Second Quorum of the Seventy
- April 2, 2011 – October 5, 2019
- Called by: Thomas S. Monson
- End reason: Designated an emeritus general authority

Emeritus General Authority
- October 5, 2019
- Called by: Russell M. Nelson

Personal details
- Born: Otto Vincent Haleck Jr. January 19, 1949 (age 77) Utulei, American Samoa, United States

= O. Vincent Haleck =

American Samoan LDS Church leader (born 1949)

Otto Vincent Haleck Jr. (born January 19, 1949) has been a general authority of the Church of Jesus Christ of Latter-day Saints (LDS Church) since 2011. He is the first person from American Samoa or Samoa to become a general authority of the LDS Church and is also the first non–New Zealander from the Pacific Islands in this position.

==Early life and biography==
Haleck was born in Utulei, American Samoa. At the age of 10 he was sent to Seattle, Washington, to live with a relative and attend school. He moved to California to live with other relatives and to attend high school and at the age of 17 he joined the LDS Church. After high school, Haleck became a missionary in the church's Samoa Apia Mission from 1968 to 1970. Haleck received a bachelor's degree in marketing and advertising from Brigham Young University and went on to own a number of businesses in American Samoa, including Tuna Ventures, Inc. and Tropical Beverage Distributors, Inc.

==LDS Church service==
In the LDS Church, Haleck has served as a bishop, high councilor, stake patriarch, and stake president. He served as president of the Samoa Apia Mission from 2008 to 2011. He was in that capacity when he was called as a general authority and member of the Second Quorum of the Seventy in April 2011. After becoming a general authority, Haleck moved from Pago Pago, American Samoa to Salt Lake City, Utah. From the time of his call to August 2013, he filled assignments at church headquarters. From August 2013 to August 2016, he served as a counselor in the presidency of the church's Pacific Area. In that position, Haleck supervised the church's school system in Kiribati.

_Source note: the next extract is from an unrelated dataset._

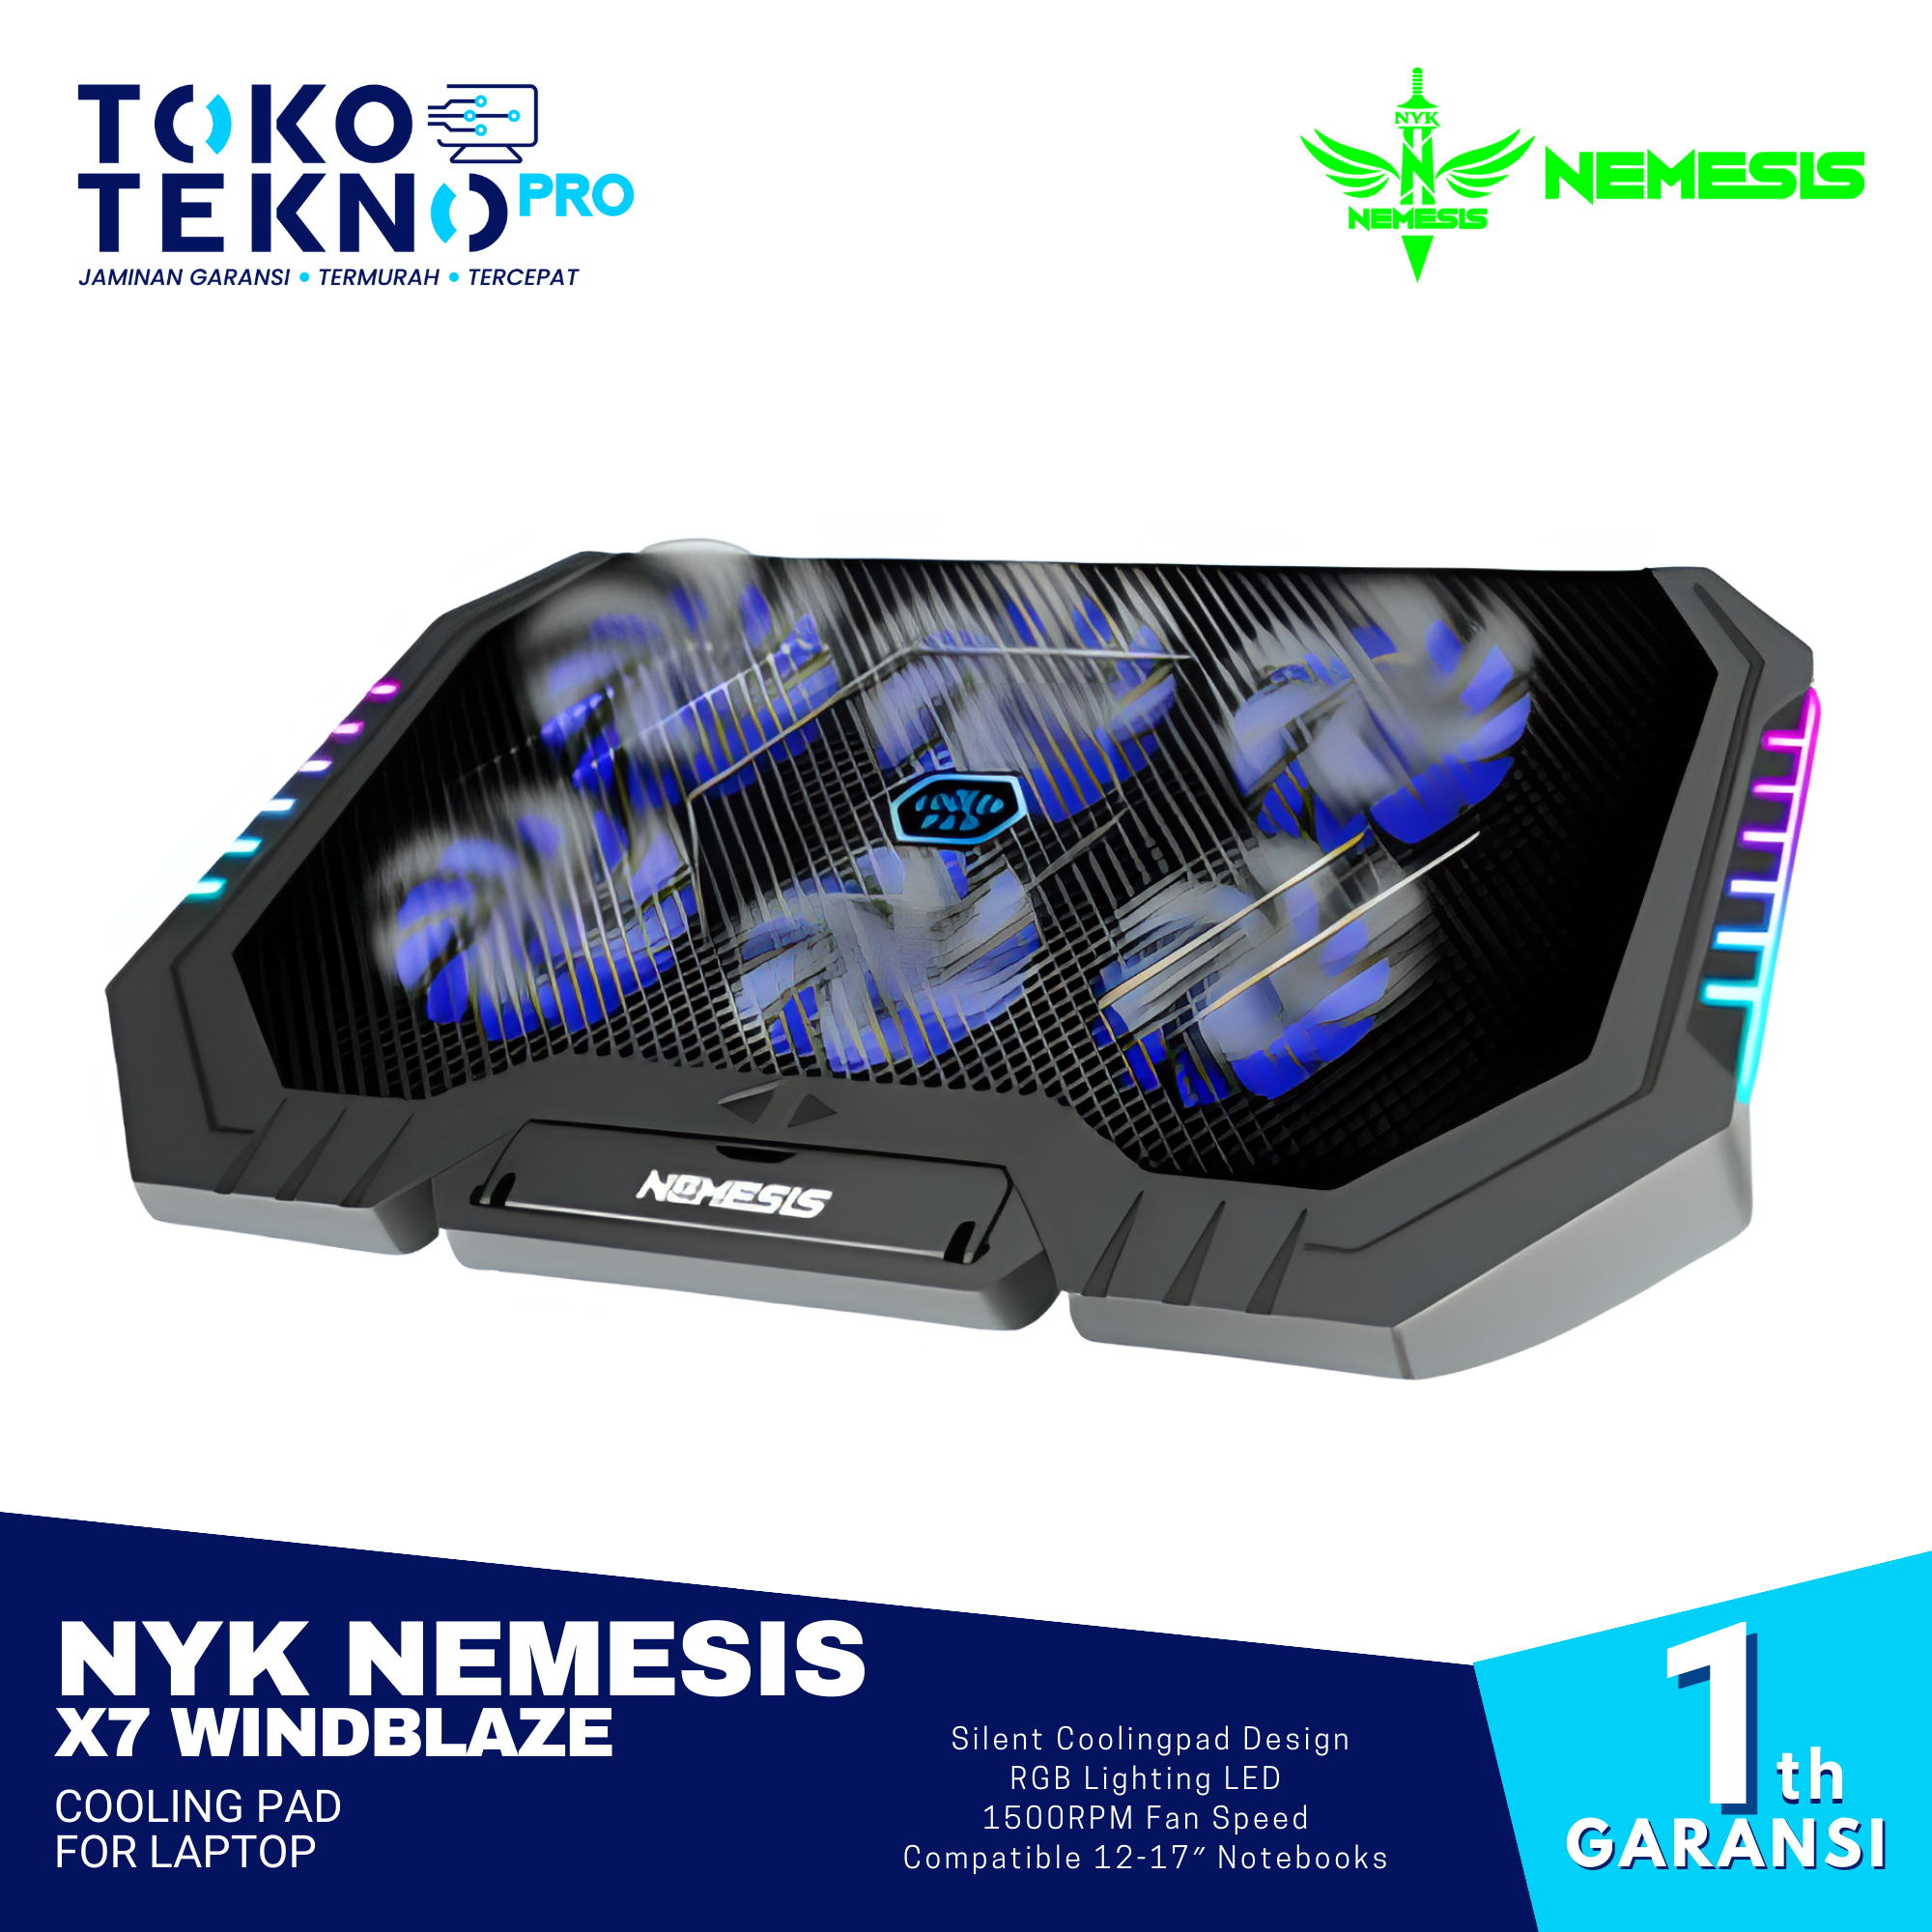 NYK Nemesis X7 Windblaze Cooling Pad
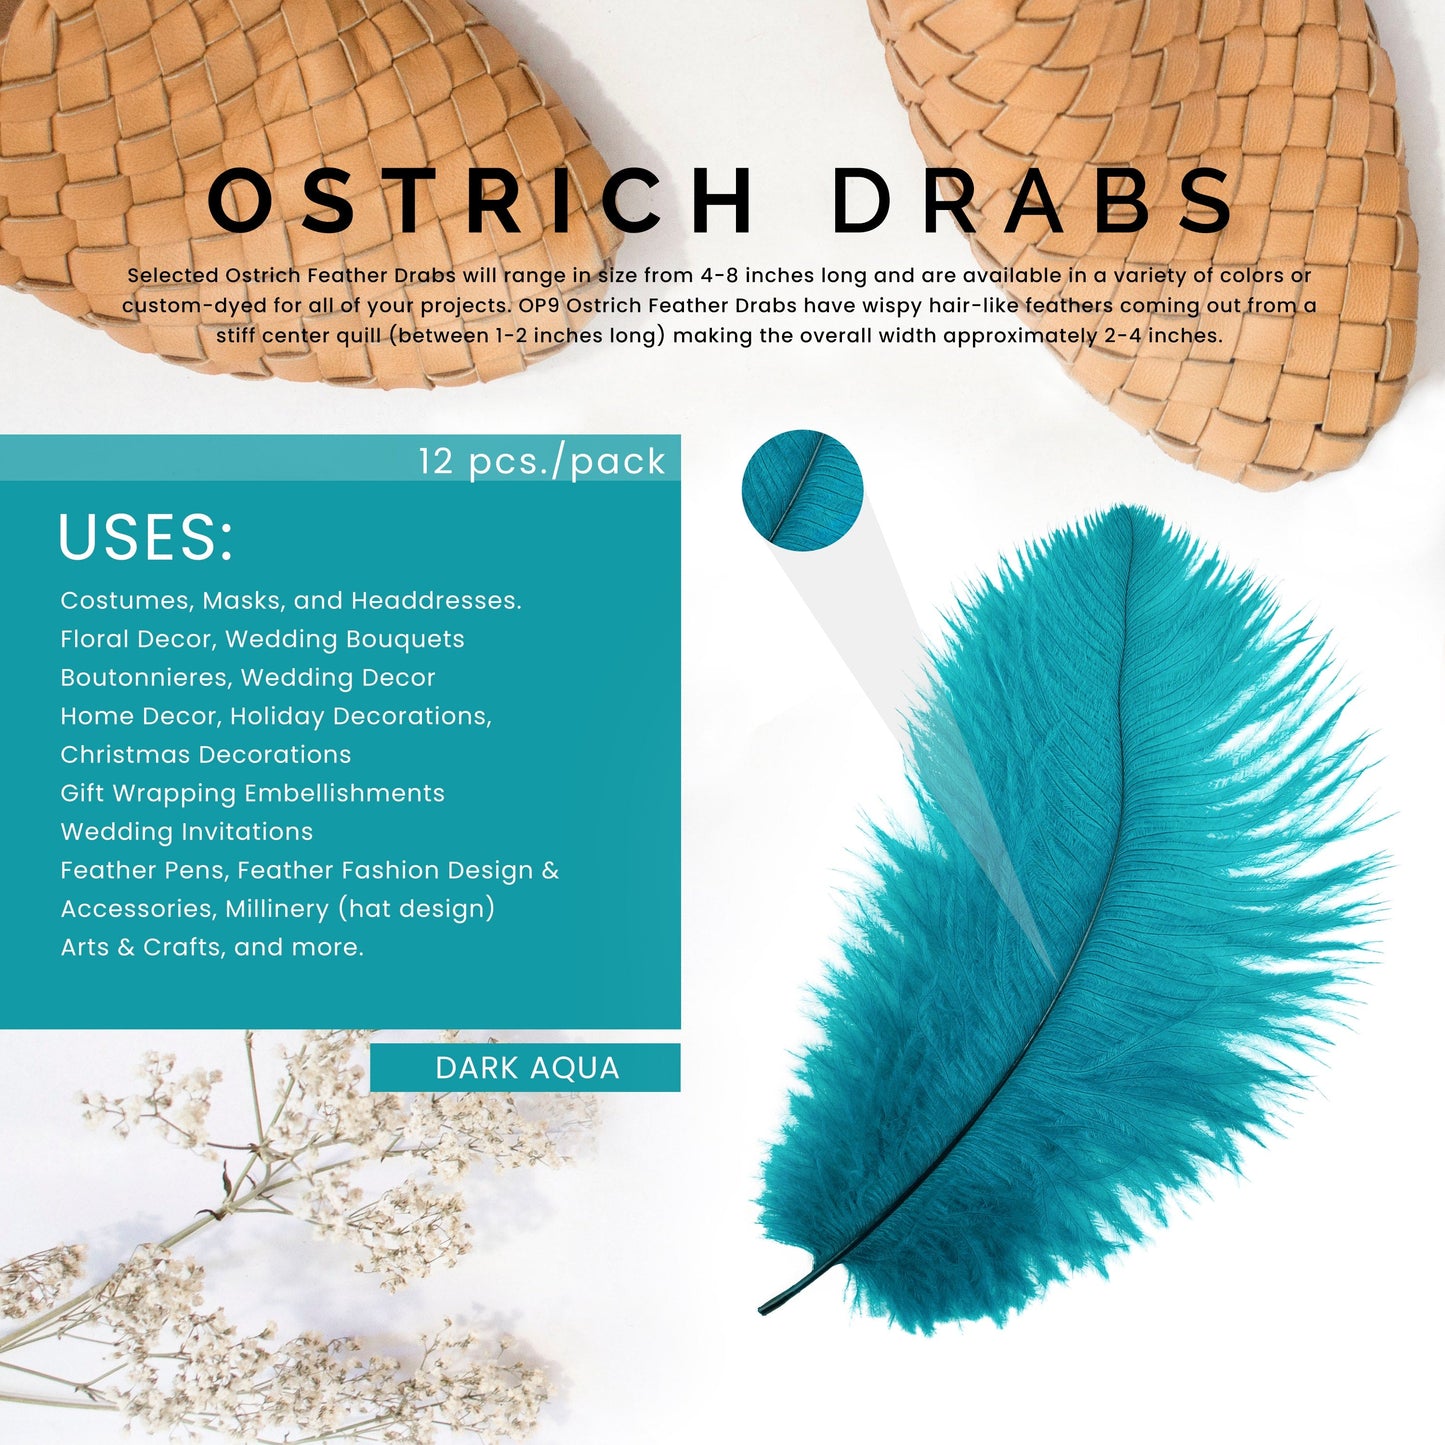 Ostrich Feathers 4-8" Drabs - Dark Aqua

Haleck became president of the Pacific Area in 2016 with S. Gifford Nielsen and Craig A. Cardon as counselors. The following year, the LDS Church joined Samoa Council of Churches and Haleck worked with Latter-day Saint Charities to completely renovate their meeting space, including a common area, kitchenette and restroom, for the Fellowship of Women. In 2018, Haleck met with New Zealand Prime Minister Jacinda Ardern and presented her with her family history.

Haleck facilitated the 2019 visit of LDS Church President Russell M. Nelson with His Highness Tuimalealiifano Vaaletoa Sualauvi II of Samoa. A few days later Haleck joined Nelson in meeting with His Majesty King Tupou VI of Tonga.

He was designated as an emeritus general authority in October 2019.

==Personal life==
In 1972, he married Peggy Ann Cameron in the Provo Utah Temple and they are the parents of three children.